His success at driving the agenda signals his status as the president’s closest economic counselor. With the departure this summer of Austan Goolsbee as chairman of the Council of Economic Advisers, Geithner will be the last remaining member of the president’s original economic team and, with Federal Reserve Chairman Ben S. Bernanke, one of the two remaining architects of the great banking bailout that began in 2008, even before Obama’s election.

Geithner, who was once a registered Republican and then an independent, has a faith in the marketplace that puts him at odds with many of Obama’s traditional Democratic allies, whose skepticism about markets seemed vindicated by the financial crisis. His debut on Obama’s team was also shaky. He faced questions about whether he had properly paid all his taxes, and his initial public defense of the administration’s plan for rescuing the financial industry was uninspired, prompting anxiety in the markets.

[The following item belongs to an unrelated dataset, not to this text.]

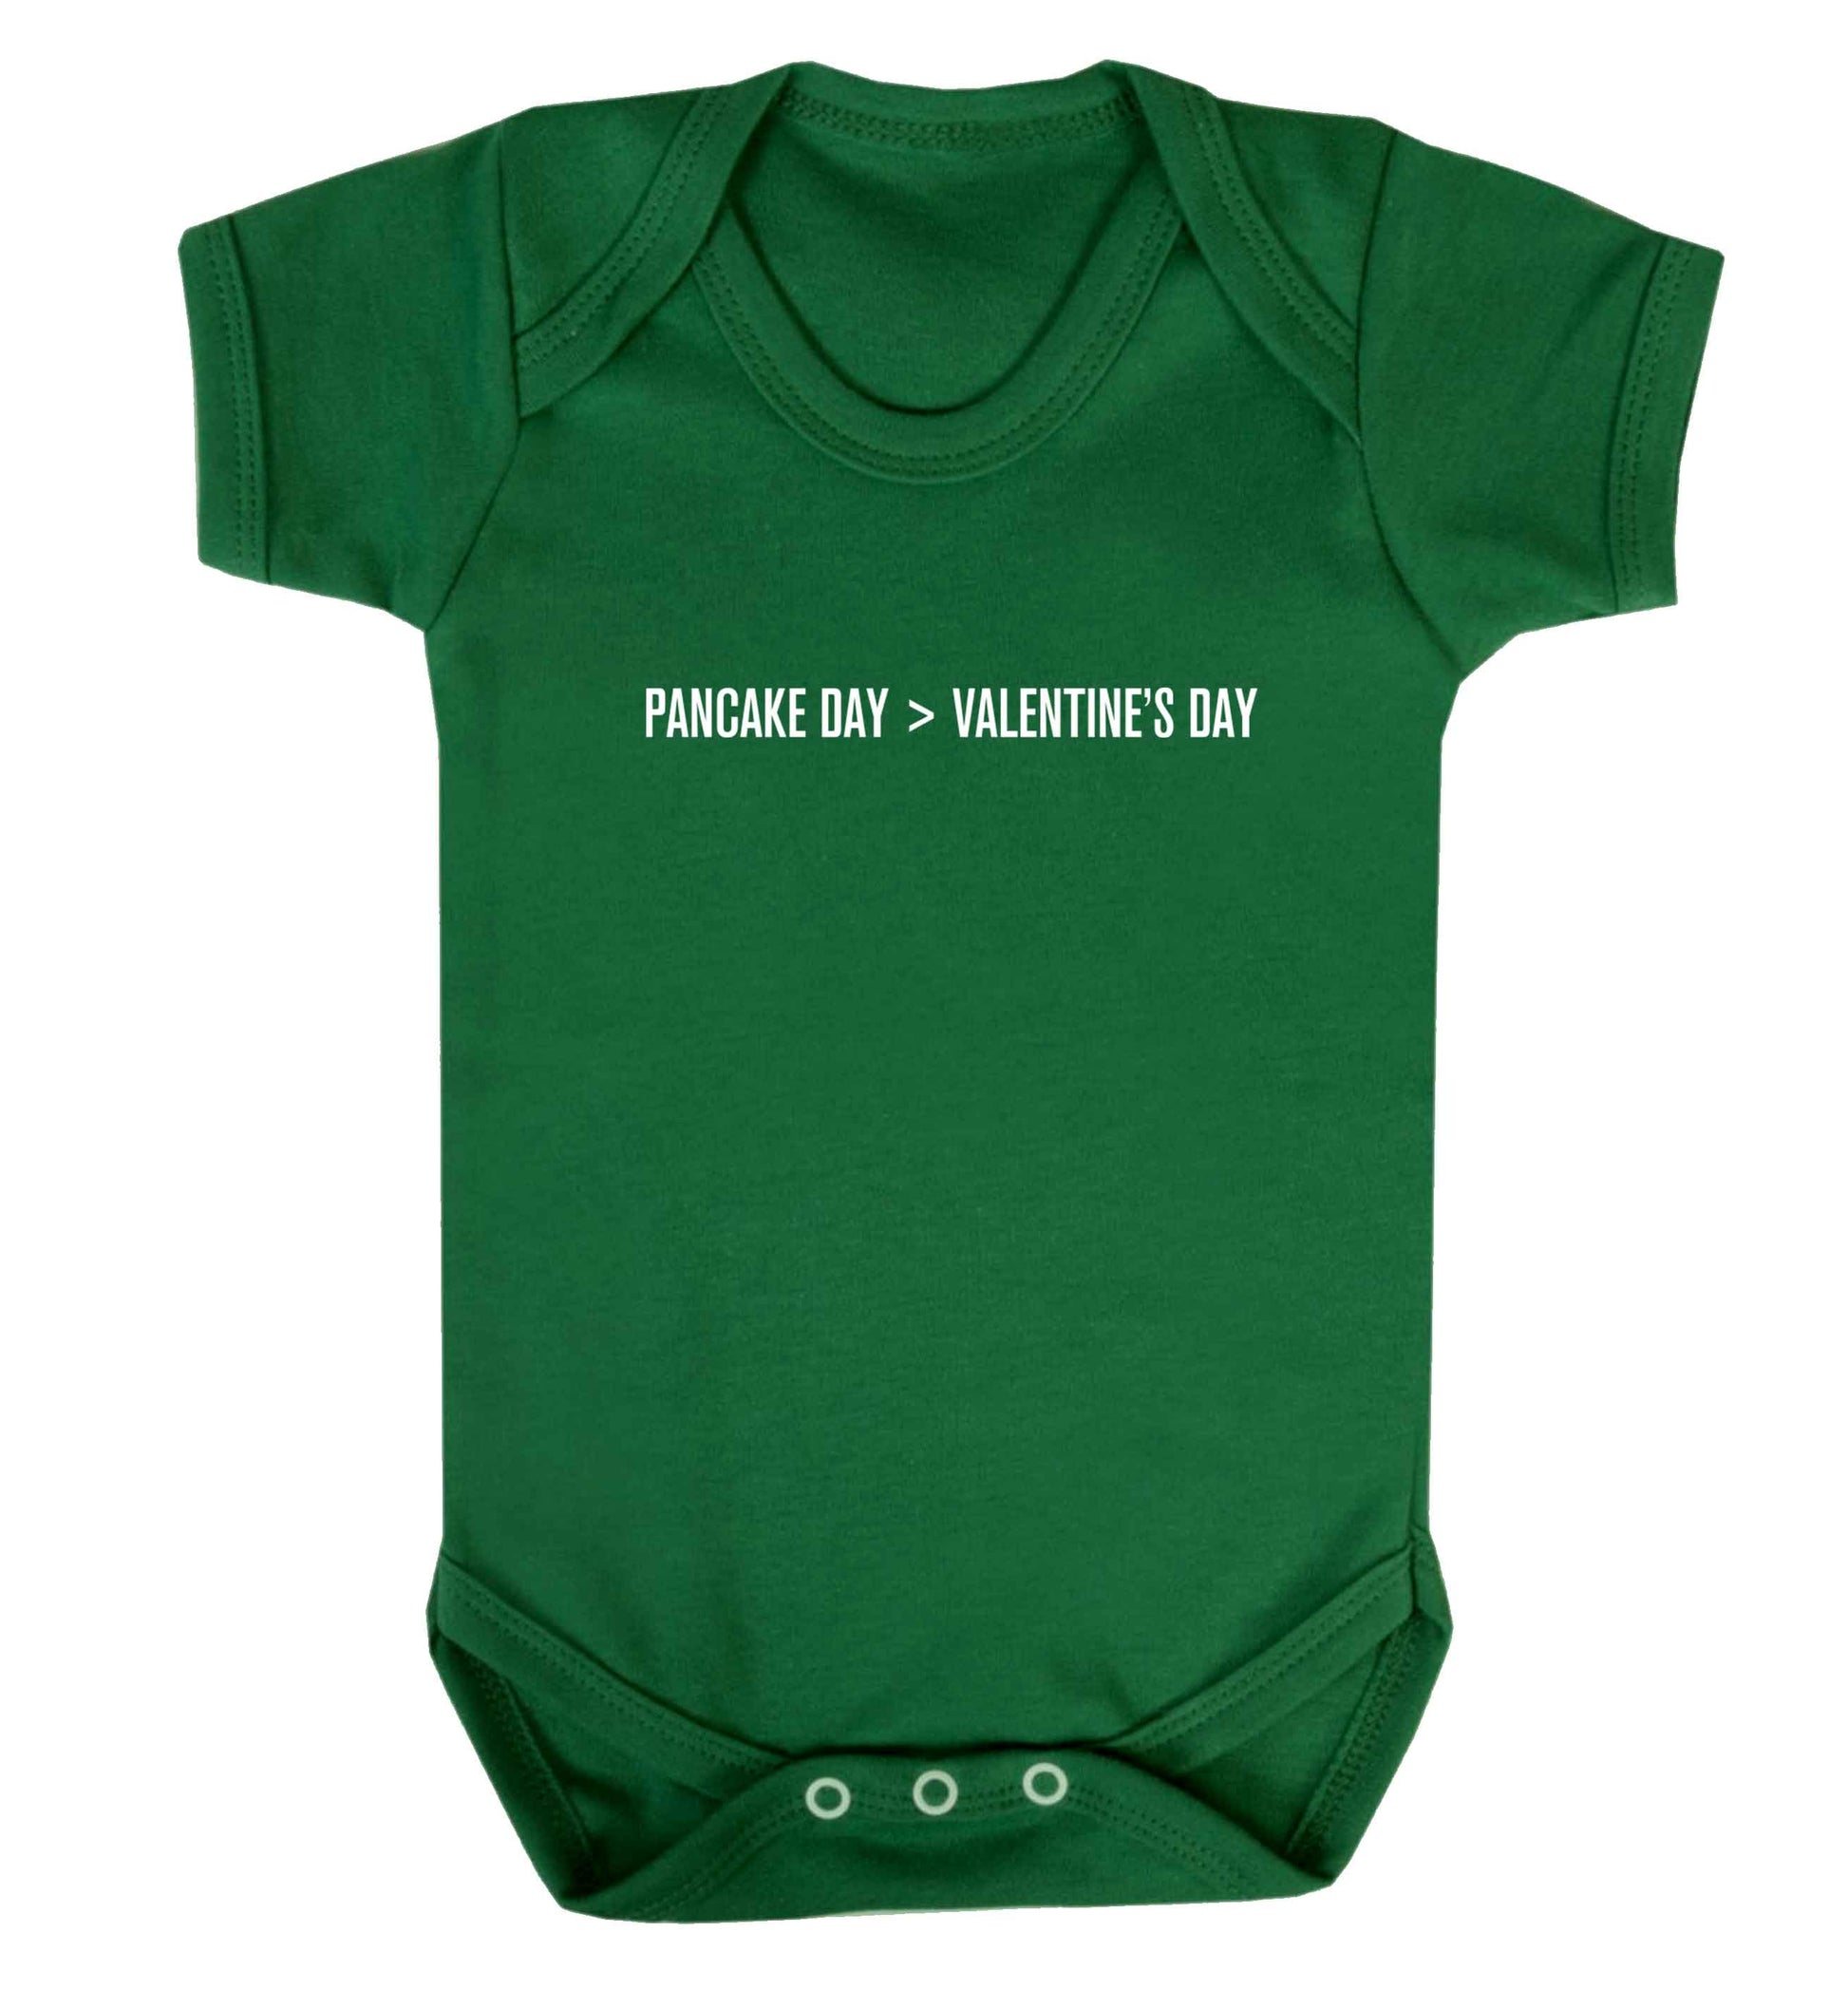 Pancake day > valentines day baby vest green 18-24 months

But over the past year, he has fared better, especially at pushing his viewpoint in internal White House debates. While forces outside the White House — in particular, Republican lawmakers — have helped turn Washington’s attention to the nation’s debt, Geithner’s efforts inside the White House have shaped how Obama confronts this defining moment. At stake in the months ahead are the size of government, the generosity of the nation’s safety net, the taxes people will pay and the debt that will weigh on future generations.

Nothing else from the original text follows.